İyi bir idareciyi anlamak için alim olmak gerekmez. İnsanlarımız eğitim bakımından alim değiller ama bakış açısı itibariyle ariftirler. İyi bir idarecinin nasıl olması gerektiğini tarif edemeyen insanlar bile, karşılaştıkları idarecinin iyi olup olmadığı hususunda doğruya yakın ve çok isabetli değerlendirmeler yapmaktadırlar. Bu da, milletimizin ne kadar “Arif” damarlarının olduğunu göstermektedir.
Bu köşemizde zaman zaman toplumumuzun memnuniyetini kazanan idarecilerimizi ve hizmetlerini paylaşmaktayız. Vatandaşımızın resmi kurumlarla bazen ayda bir, bazen yılda bir, bazen de ömürde bir defa işleri olabilir. İşinin takibi için gittiği resmi kurumda karşılaştığı manzara, o kişinin o kurum hakkındaki tasavvurunu da oluşturmaktadır. Kurum çalışanlarının tavır ve davranışları üzerinden kurum amiri için yapılan değerlendirme de isabetli olur. Bu nedenle de; kurum amirlerinin tarifi yapılırken, kurum çalışanlarının davranışları da değerlendirme konusu yapılır.
İyi bir idareci; adil, akıllı, cesur, yumuşak huylu, güler yüzlü, cömert, merhametli, sabırlı, şükürlü, bilgili, vakarlı olur. Aldığı görevin emanet olduğunu ve emanetin de ne anlama geldiğini bilir. Oturduğu koltuğun, sahip olduğu makamın kendisine yüklediği sorumluluğun farkındadır ve bu sorumluluğun hakkını vermeye gayret eder. İnancının ve mevzuatın gereklerini dikkate alarak takdir yetkisini kullanmaya çalışır. Sözünü ettiğimiz özellikler, onun çalışma düzen ve yöntemini de belirlemiş olur.
Vesayet rejiminin, vesayet kafalı idarecileri ve bu tür idarecilerin etrafında çöreklenmiş kurum çalışanlarının devri bitmiştir. Artık millet ve hizmet merkezli, hizmeti milletin ayağına götüren, vatandaşın düğme iliklemesini değil vatandaş karşısında tebessümü kural edinmiş idareciler vardır. Vesayetten beslenen vampirler; hizmet odaklı ve millet merkezli idarecilerde, alıştıkları manzarayı ve menfaatleri göremeyince; tezvirata başlayıp her türlü iftirayı da yapabilecek aşağılıklarını sergileyebilmektedirler.

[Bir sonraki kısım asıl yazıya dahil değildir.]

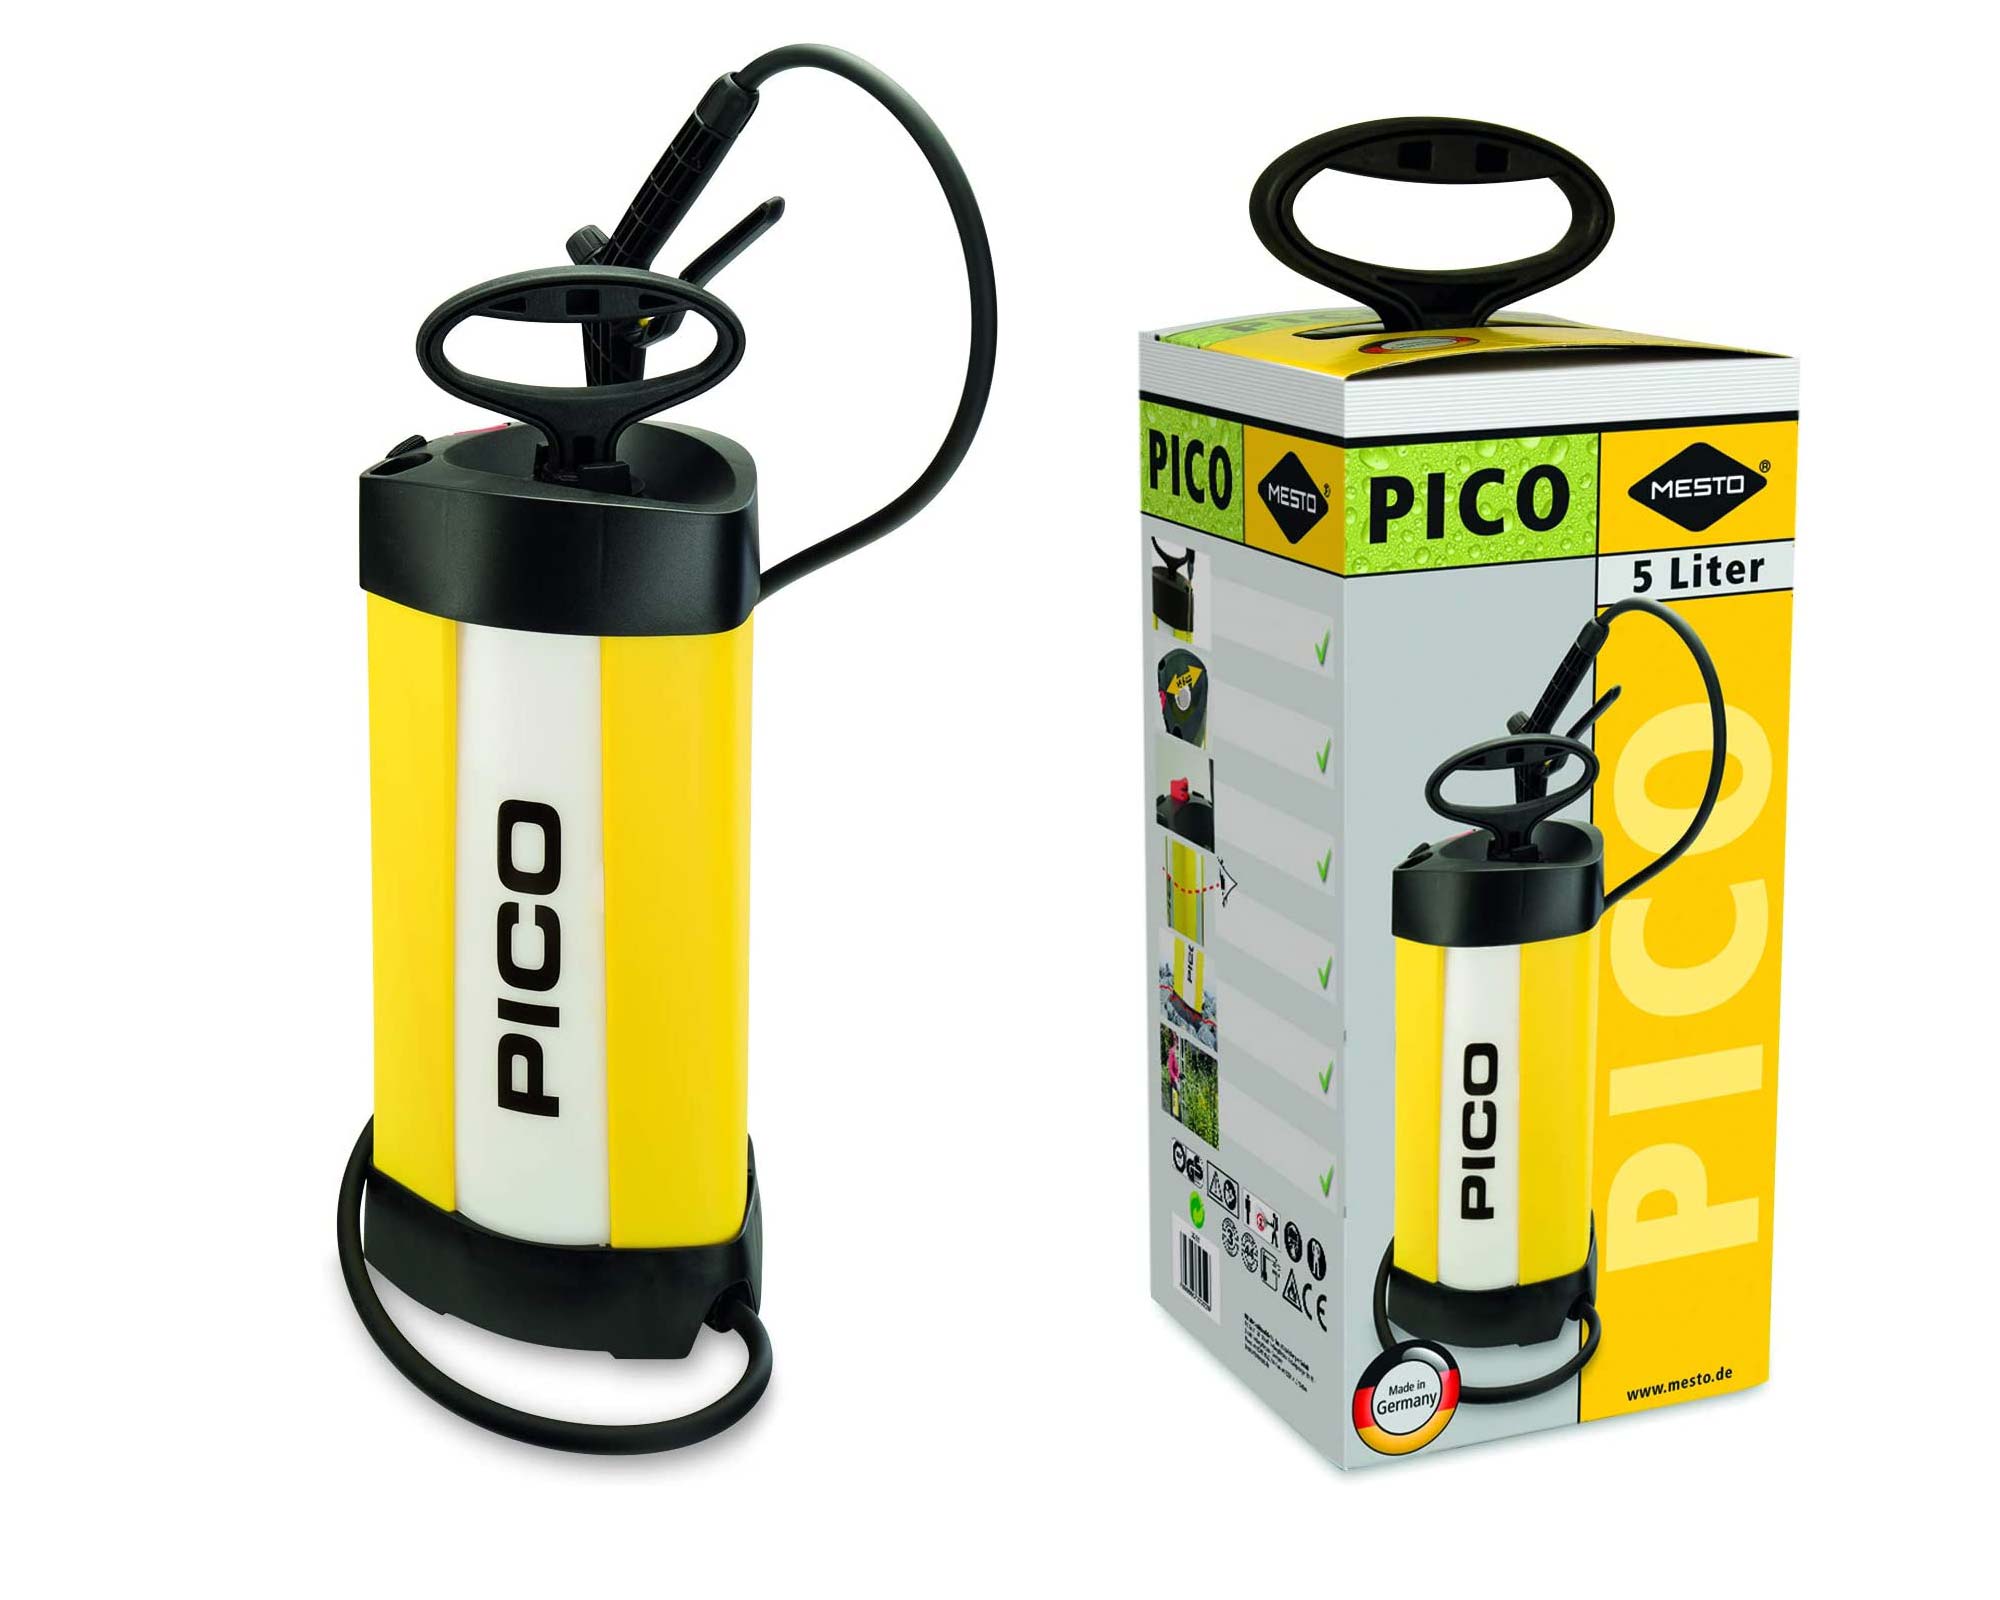 Pico 5l garden sprayer by Mesto of Germany
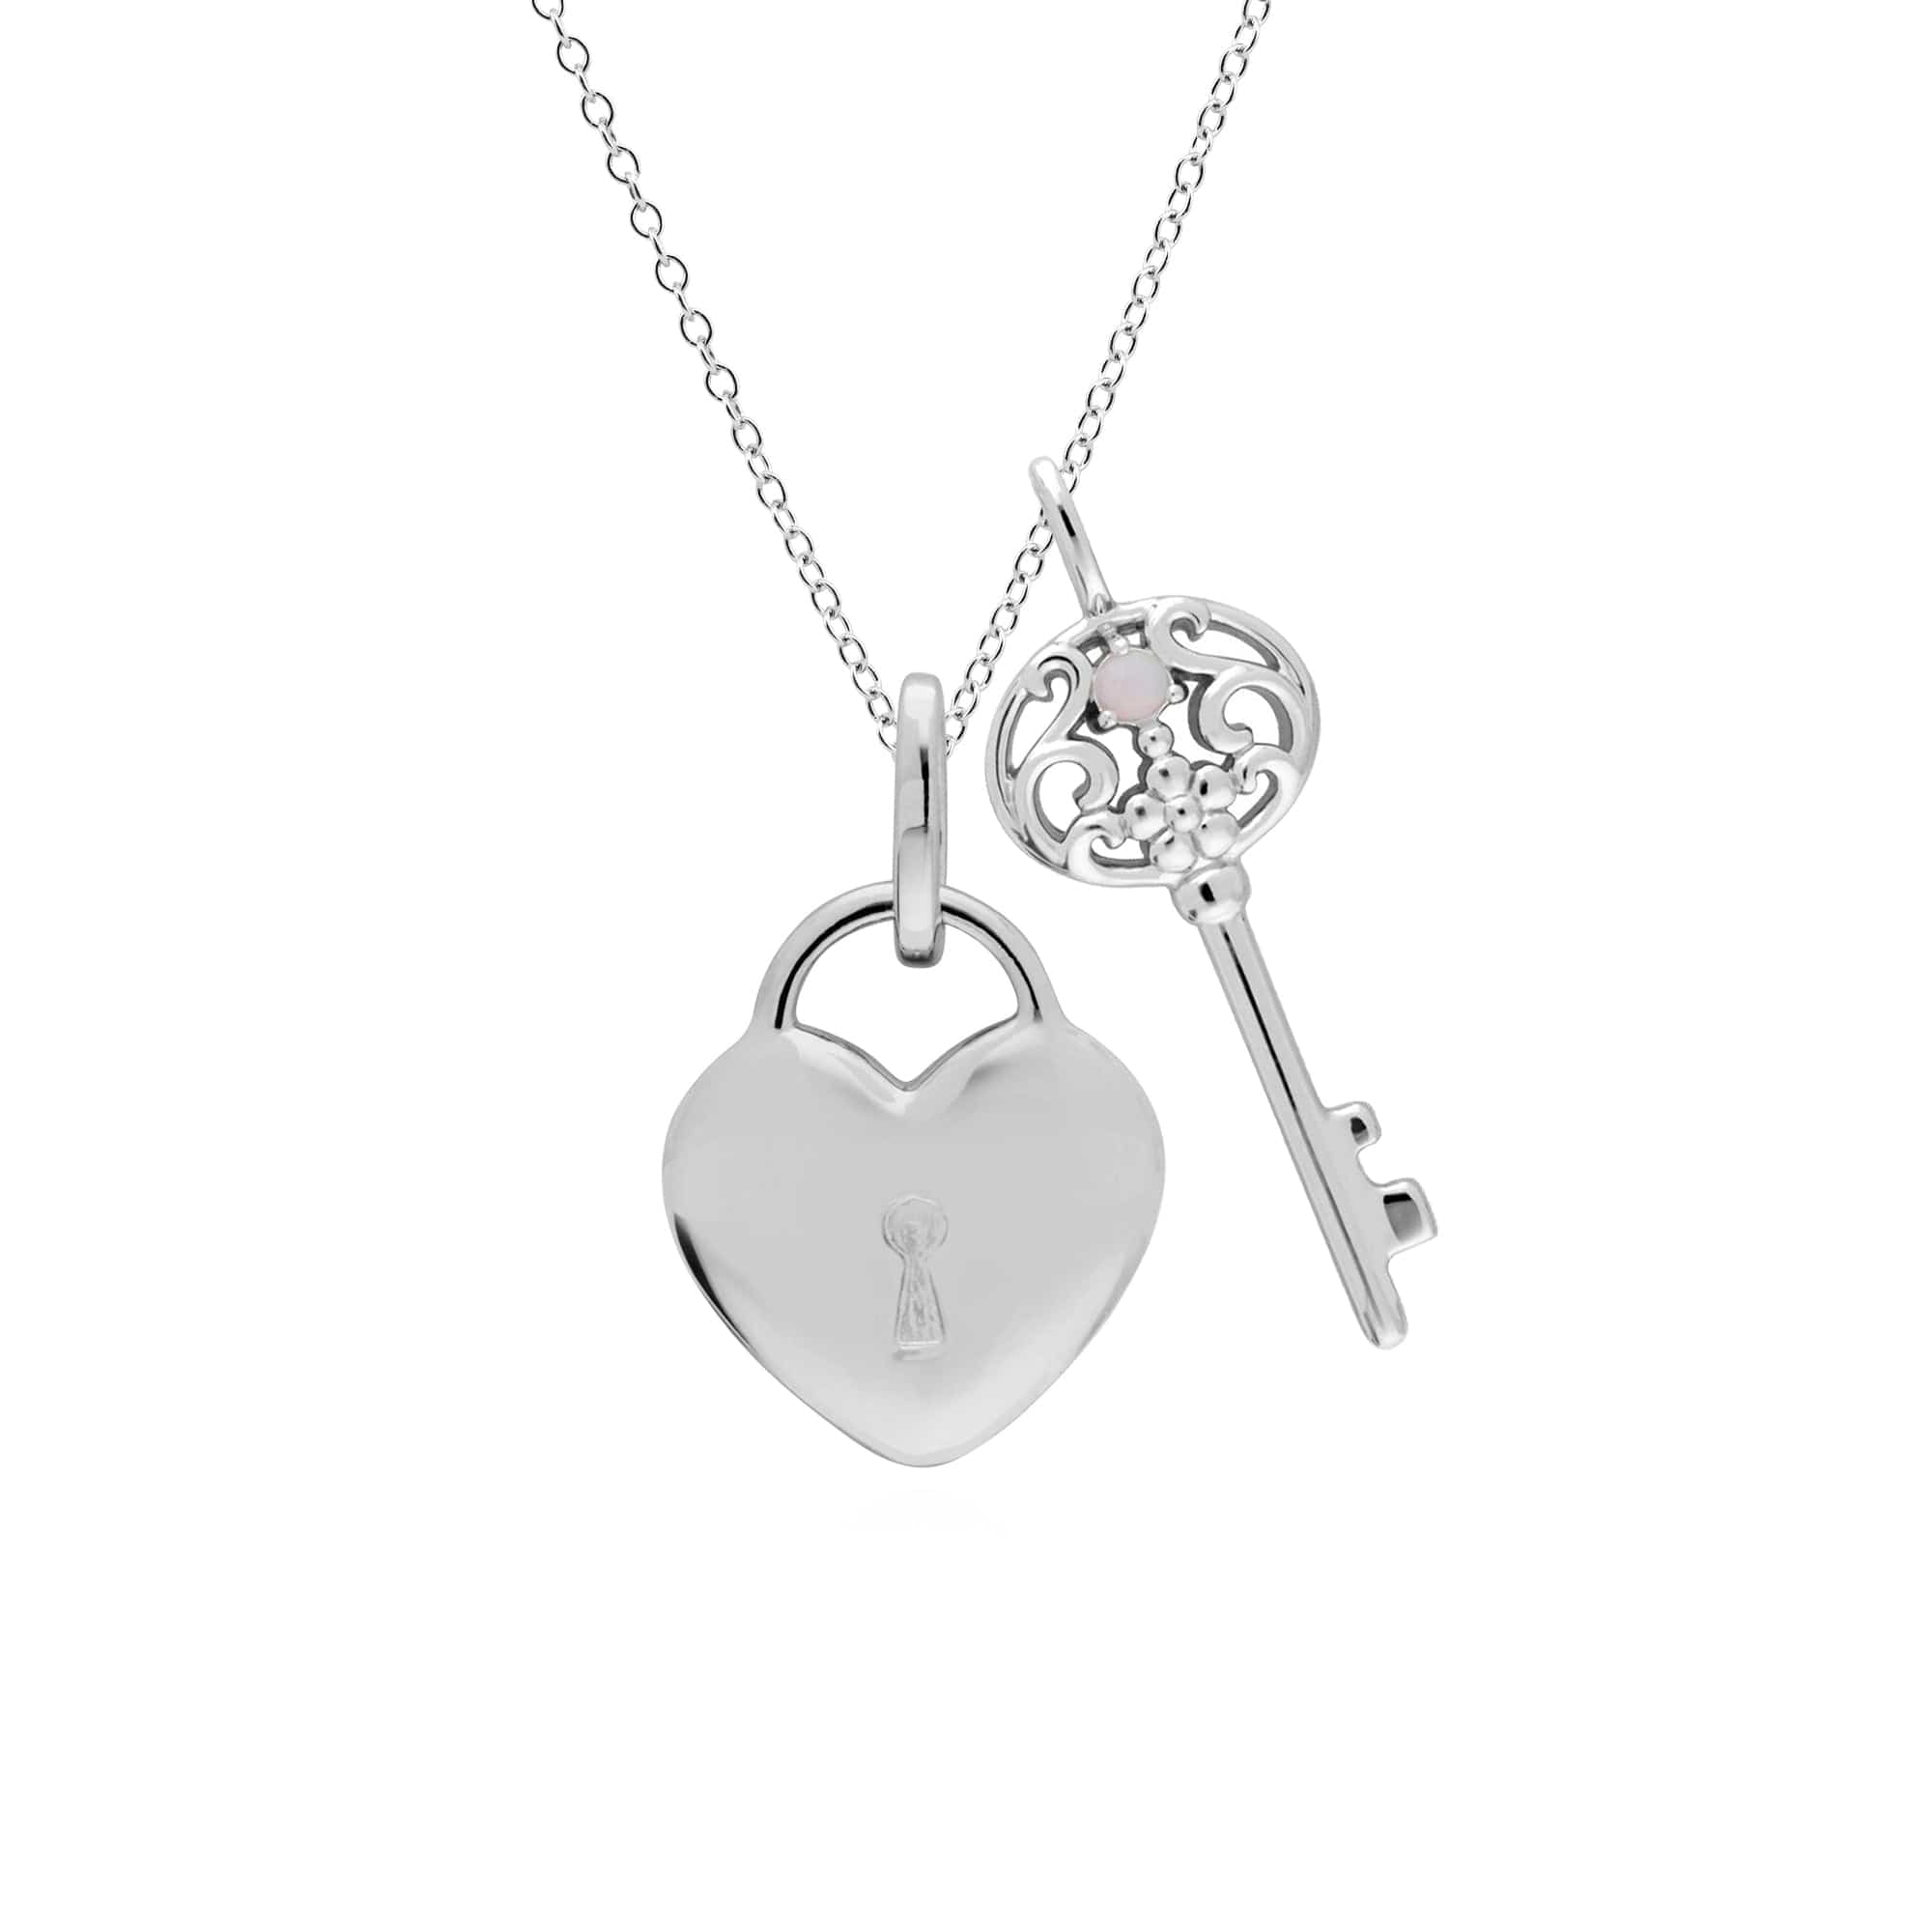 270P026803925-270P027001925 Classic Heart Lock Pendant & Opal Big Key Charm in 925 Sterling Silver 1

Akıllı ve iyi bir idareci; etrafında bulunan kurmay ekibinin de, en az kendisi kadar vakarlı ve akıllı, dürüst ve doğru, adaletli ve merhametli olanlardan seçer. Bu özelliklere sahip kimselerle ekip çalışması yapar. Kendisini temsil edecek personelinin de, en az kendisi kadar hizmet ve millet merkezli olmasını sağlar. Bu konuda hakkında yapılan tezviratlara aldırış etmeden, millete hizmet etmek için her türlü doğru kararı almaktan çekinmez.
Üstlerine ağlayarak, astlarına bağırarak kurum idare etme devri bitmiştir. Delilik ve velilik yaparak millete yukarıdan bakma dönemi kapanmıştır. Kurumdan güç alarak, kendi çıkar ve menfaatleri için yetkisini kullanma süreçleri tarihe karışmıştır. Korkutarak ve zoru işaret ederek kendini tarif etme alışkanlıklarının prim yaptığı anlayışlar artık sohbetlerin konusu olmaktadır.
Kurumlarını millete hizmet için harekete geçiren Vali, vatandaşın sorununu çözen Kaymakam, insanların ayağına giden Müftü, cenazelere katılan Garnizon Komutanı, kanalizasyon sorunlarına kadar eğilen Belediye Başkanı “İyi İdareci” dir. Böylesi idarecilerin olduğu kurumlarda, alt memurların çalışmaktan başka çareleri de yoktur. Sekreterin kurumu idare ettiği, kapıcının danışmanlık yaptığı, şoförün istikamet belirlediği idare anlayışı sona ermiştir.
Vesayetin memuru olan geçmiş kurum idarecileri, bugünün “İyi İdareci”sinden elbette ki rahatsız olacaklardır. Kendilerinin ne olduğu, bugünün idarecisi üzerinden daha iyi anlaşılmaktadır. Devletin en üst idari makamında bulunan sayın Cumhurbaşkanının milletin ayağına kadar inmesi, geçmiş vesayet idari anlayışını “Yer ile Yeksan” etmiştir.